Posted 08/08/2008 - 04:22:17pm by Terry Nagel
Two new surveys show that private employers are being very subtle about their plans offer incentives to retain older employees – much to the disappointment of retirees who would have liked to know about them.
The lesson to be learned, said Allen Steinberg, a principal and senior design consultant at Hewitt Associates, is that “you’re going to lose good people if they don’t know about the availability of a program” designed to interest them in working longer.
That’s good advice for nonprofit organizations, too, which are scrambling to figure out ways to retain experienced workers before an anticipated wave of boomer retirements.

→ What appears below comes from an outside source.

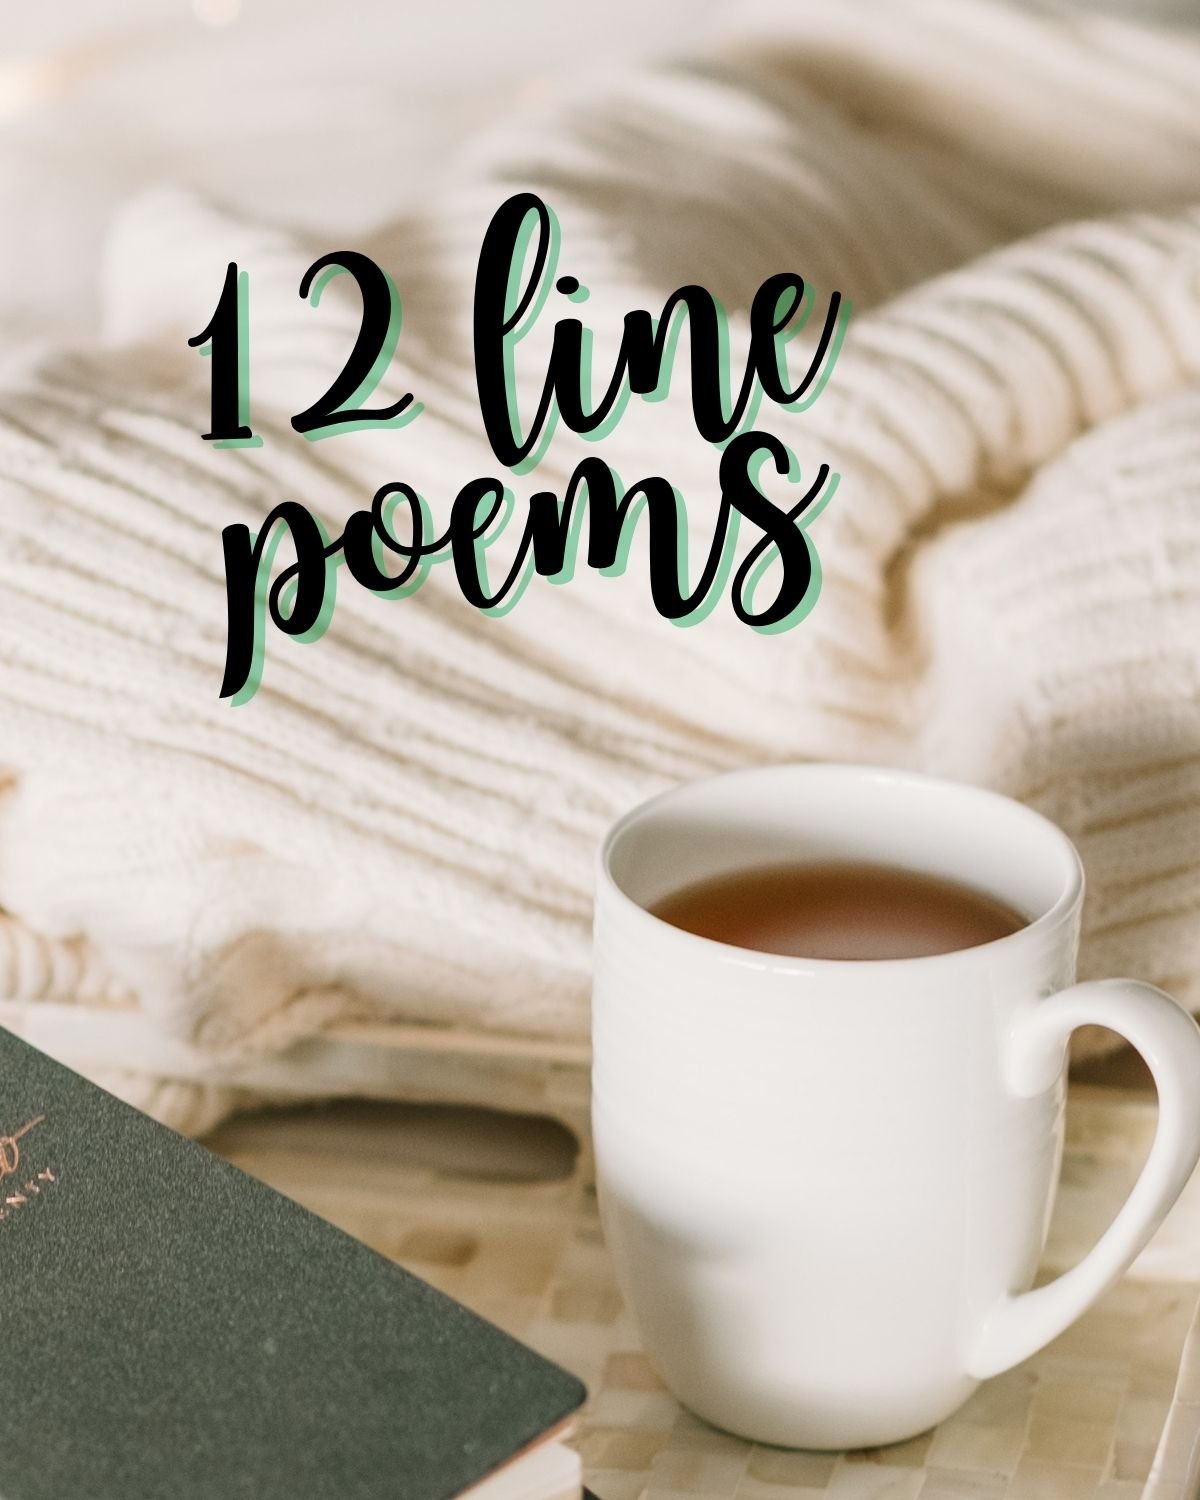 12 Line Poems inspiration - A mug, book, and blanket

A survey by Hewitt Associates released in late July found that 61 percent of the 140 mid- to large-size employers polled have developed or plan to create a special program to retain, targeted near-retirement employees. But very few – only 5 percent – have formalized those programs.
Instead, said Steinberg, “organizations have been much more comfortable identifying the one, two or three individuals they are really eager to keep, wrapping an arm around their shoulder and saying, ‘What’s it going to take to keep you?’”

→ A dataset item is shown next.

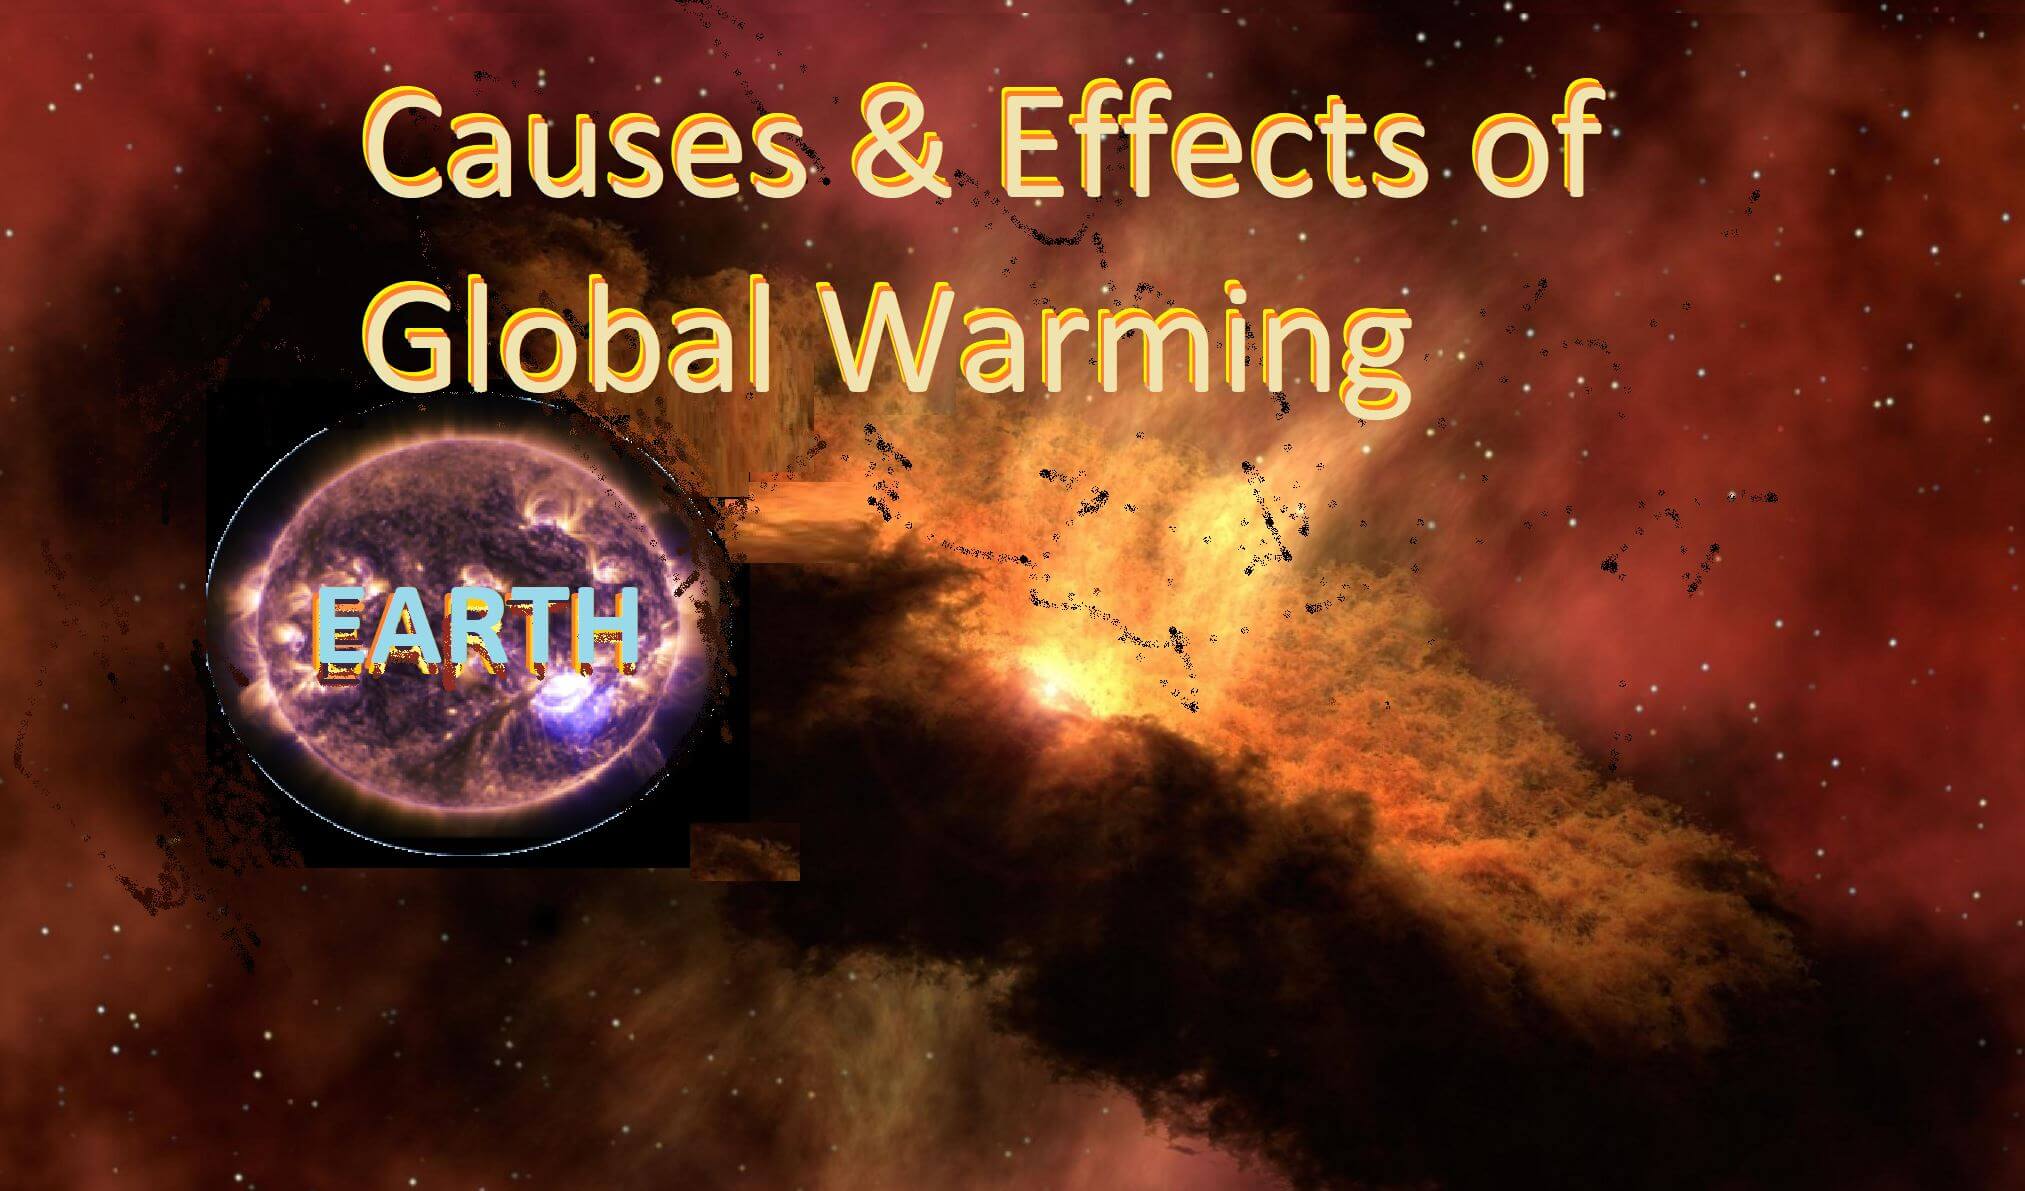 Global Warming Causes

Earlier last month, the Employee Benefits Research Institute reported on a survey of 5,722 employees that found 61 percent might be induced to delay retirement if they were offered flexible hours, more pay or other incentives. Yet only 26 percent said they have been approached by their employers to stay longer.
Steinberg said the one-on-one approach of buttonholing an employee is starting to lose its effectiveness. In the next three to five years, he noted, “The demographics are telegraphing that a lot more boomers are going to move into their late 50s and are going to think about leaving.”
He said companies would be wise to set up formal retention programs now that make the incentives clear, and they shouldn’t do so in a vacuum. “They need to ask the employees what it will take to get them to stay, rather than having some H.R. person sitting alone in a room trying to figure it out,” he advised.